Are projective modules over an artinian ring free?

Question

Quoting a comment to this question:

By a theorem of Serre, if $R$ is a commutative artinian ring, every projective module [over $R$] is free. (The theorem states that for any commutative noetherian ring $R$ and projective module $P$ [over $R$], if $\operatorname{rank}(P) > \dim(R)$, then there exists a projective [$R$-module] $Q$ with $\operatorname{rank}(Q)=\dim(R)$ such that $P\cong R^k \oplus Q$ where $k=\operatorname{rank}(P)−\dim(R)$.)

When $R$ is a PID, this is in Lang's Algebra (Section III.7), and when $R$ is local this is a famous theorem of Kaplansky. But in spite of a reasonable effort, I can't seem to find any other reference to this theorem of Serre. Does anyone know of one?

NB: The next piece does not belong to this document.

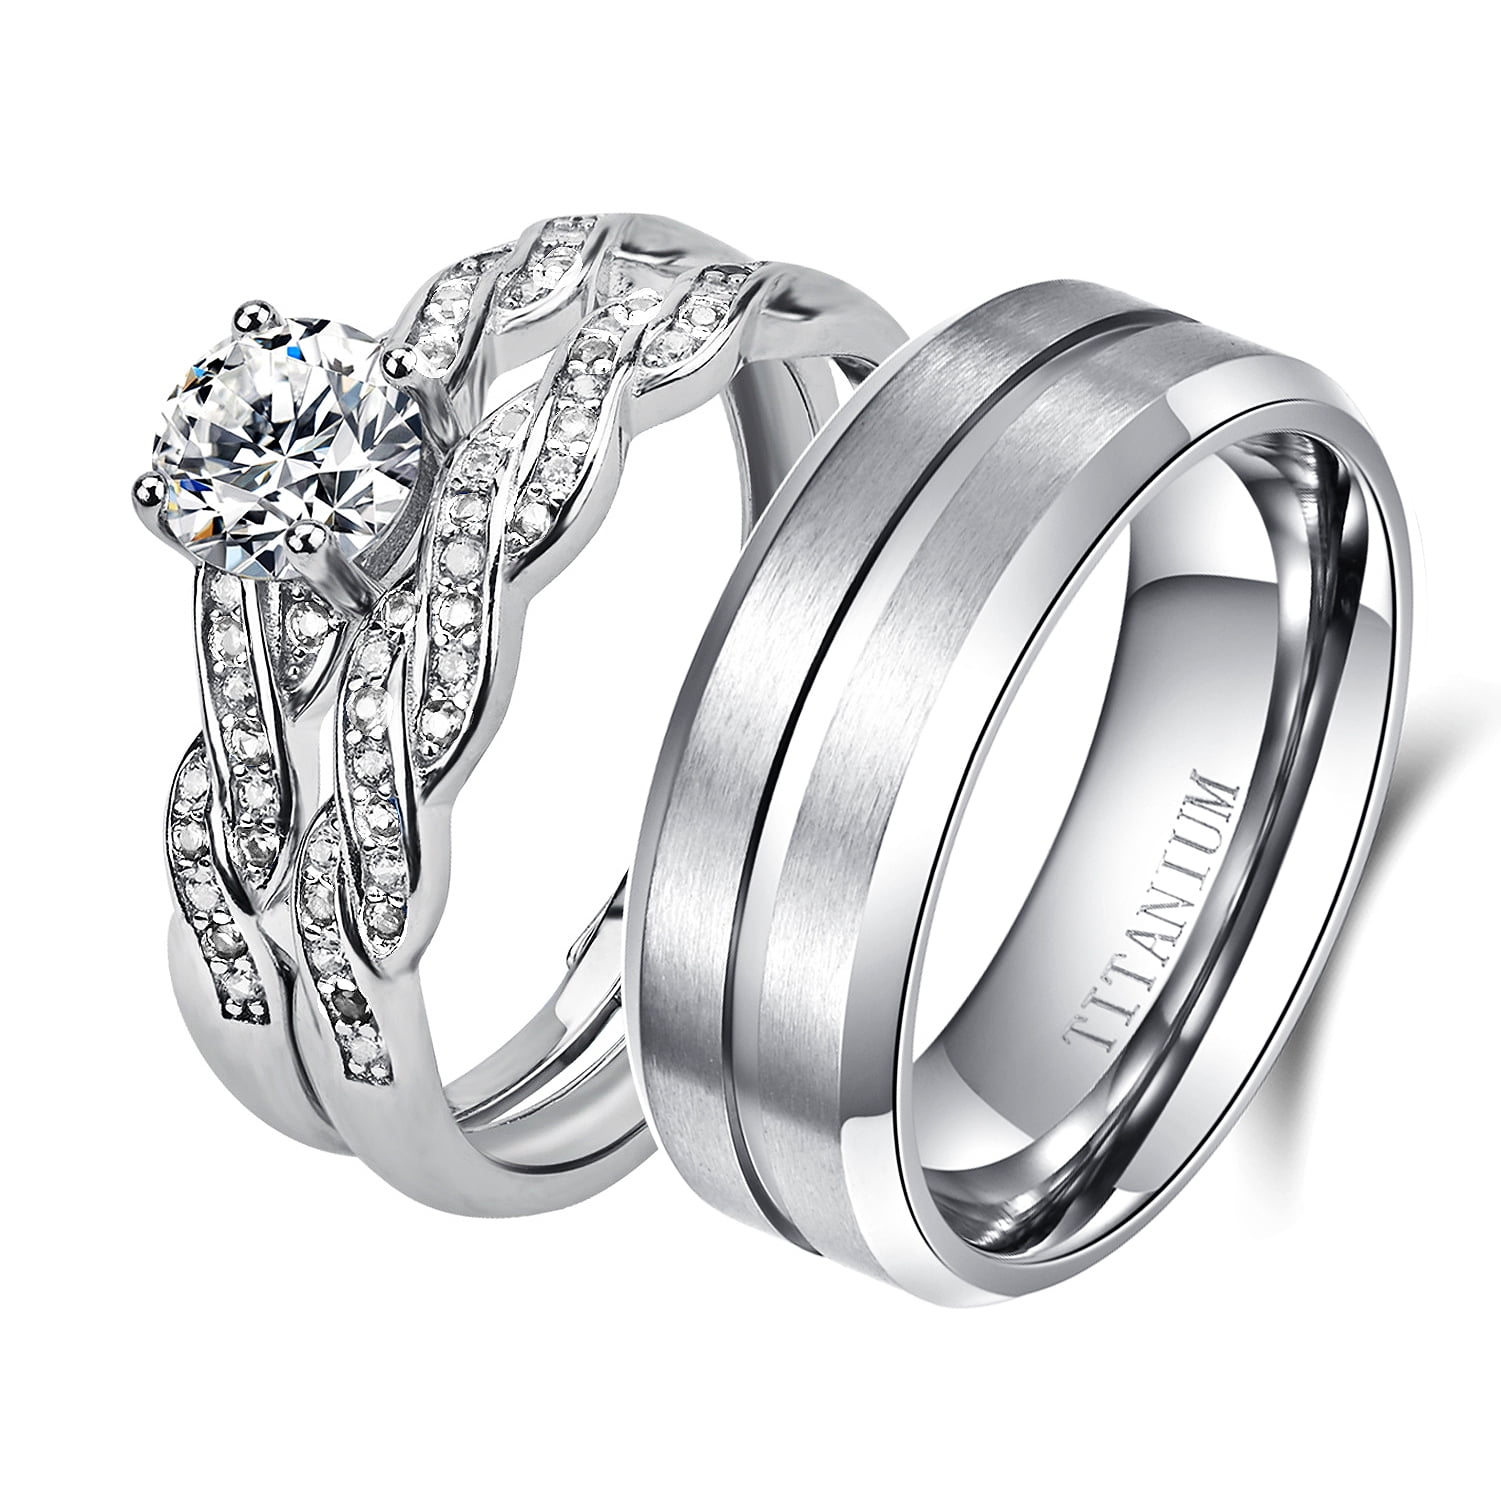 Zonkar Adjustable Couple Rings for lovers in Silver valentine gift &  proposal ring Alloy Cubic Zirconia Ring Set Steel Cubic Zirconia Silver  Plated Ring Set Sterling Silver Silver Plated Ring Set Price

Is there any other way to show that every projective module over an artinian ring is free?

Answer 1

Let $R$ be any commutative ring whose projective modules are all free, and let $e\notin \{0,1\}$ be an idempotent of $R$.

Then $eR$ and $(1-e)R$ are both projective, hence free of some rank 1 or more, and $eR\oplus(1-e)R=R$, so that we have $R^n\cong R$ as $R$ module for some natural number $n\geq 2$. This is absurd since commutative rings have IBN.

This shows that $R$ cannot have any nontrivial idempotents.

Since an Artinian ring without nontrivial idempotents is local, you can see now the dramatic failure of Artinian rings to have the "projective implies free" property, except in the "good" local case.

Answer 2

Sorry to show up late to this party, but you were quoting my comment and somehow I missed it.

Yes, a condition was overlooked: we must presume that $P$ has constant rank, alternatively, $\operatorname{Spec}(A)$ is connected, or $A$ has no non-trivial idempotents, etc.

This result is Serre's Splitting Theorem which states that a projective $A$-module, $P$, of constant rank $r \geq d+1$ where $d=\dim(A)$ must contain a unimodular element (SST) [not to be left out: $P$ will also be cancellative under this condition (Bass's Cancellation Theorem)].

$P$ containing a unimodular element $p \in P$ is equivalent to a surjection $P \twoheadrightarrow A$, giving us kernel $Q$ (which will also be projective), and because the surjection splits we have $P \simeq A \oplus Q$. Repeat this splitting until the rank of the resulting kernel matches the dimension of $A$.

As a result, projective $A$-modules for which $\operatorname{rank}(P)=\dim(A)$ are called projective modules of top-rank.

For further reference: see T.Y. Lam's Serre's Problem on Projective Modules (esp. p.291-2)